Red light therapy works by delivering specific wavelengths of light (typically 630-850nm) that penetrate skin and stimulate mitochondrial function, increasing ATP production and reducing oxidative stress. The evidence shows measurable benefits for wound healing, inflammation reduction, and skin health, supported by over 500 peer-reviewed studies. Claims around testosterone, muscle recovery, and fat loss are less substantiated but emerging. It's not hype, but the signal-to-noise ratio is poor, commercial marketing has outpaced the clinical research.
TL;DR
- Red light therapy uses 630-850nm wavelengths to stimulate mitochondrial ATP production via cytochrome c oxidase activation
- Strong evidence supports wound healing, collagen synthesis, inflammation reduction, and skin rejuvenation
- Emerging evidence suggests benefits for muscle recovery, joint pain, and thyroid function, but study quality varies
- Testosterone and fat loss claims are mostly extrapolated from animal studies or mechanistic hypotheses, human data is thin
- Effective protocols require specific parameters: 10-20 mW/cm² irradiance, 10-20 minutes per session, 3-5x per week
- The therapy works, but buyer beware, most consumer devices are underpowered or marketed with overblown claims
What is red light therapy and how does it work at the cellular level
Red light therapy, also called photobiomodulation (PBM) or low-level light therapy (LLLT), delivers specific wavelengths of light to tissue without generating heat. The mechanism is well-understood: photons in the 630-850nm range penetrate skin and are absorbed by chromophores inside mitochondria, specifically cytochrome c oxidase (CCO), the final enzyme in the electron transport chain.

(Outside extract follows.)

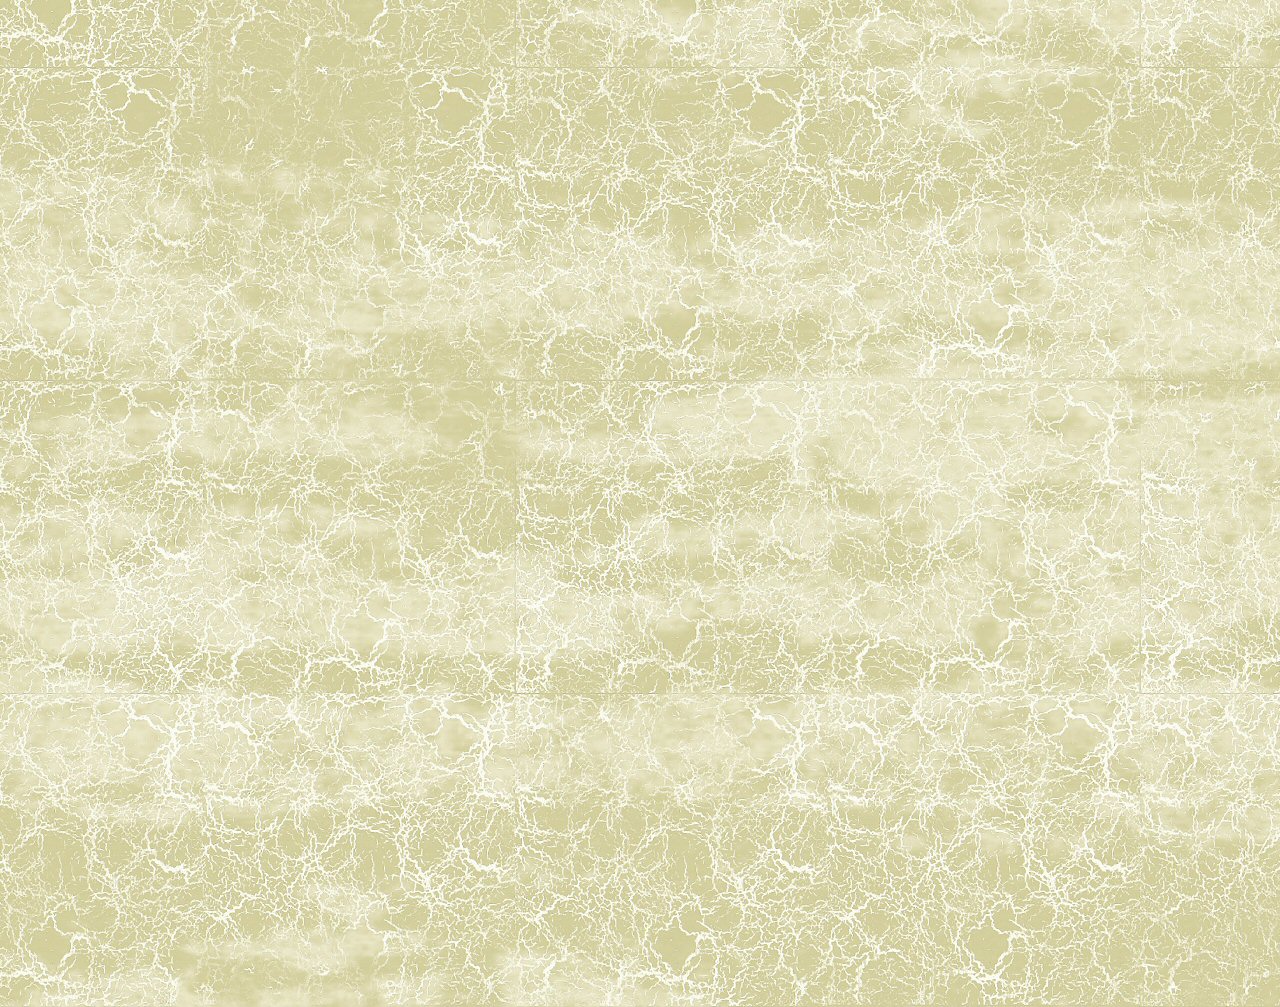 Marblesque Backgrounds

When CCO absorbs red or near-infrared light, it becomes more efficient at transferring electrons, which increases ATP production by 30-40% in treated cells. More ATP means more energy available for cellular repair, protein synthesis, and metabolic function. Red light also reduces nitric oxide inhibition of CCO, under stress or inflammation, nitric oxide binds to CCO and slows ATP production; red light displaces it, restoring normal function.
Beyond ATP, red light triggers secondary effects: increased reactive oxygen species (ROS) at low doses (which paradoxically reduce oxidative stress via hormetic signaling), upregulation of antioxidant enzymes like superoxide dismutase, and modulation of inflammatory cytokines. The net result is faster healing, reduced inflammation, and improved tissue function. This is not speculative, these mechanisms have been demonstrated in hundreds of controlled studies since the 1960s.
The depth of penetration matters. Red light at 630-660nm penetrates 5-8mm into tissue, useful for skin, superficial muscle, and mucosa. Near-infrared at 810-850nm penetrates 30-40mm, reaching deeper muscle, joint capsules, and potentially testicular tissue. Most commercial panels combine both wavelengths. The dose is measured in joules per square centimeter (J/cm²), calculated from irradiance (power density in mW/cm²) multiplied by time. Typical effective doses range from 3-10 J/cm² per session.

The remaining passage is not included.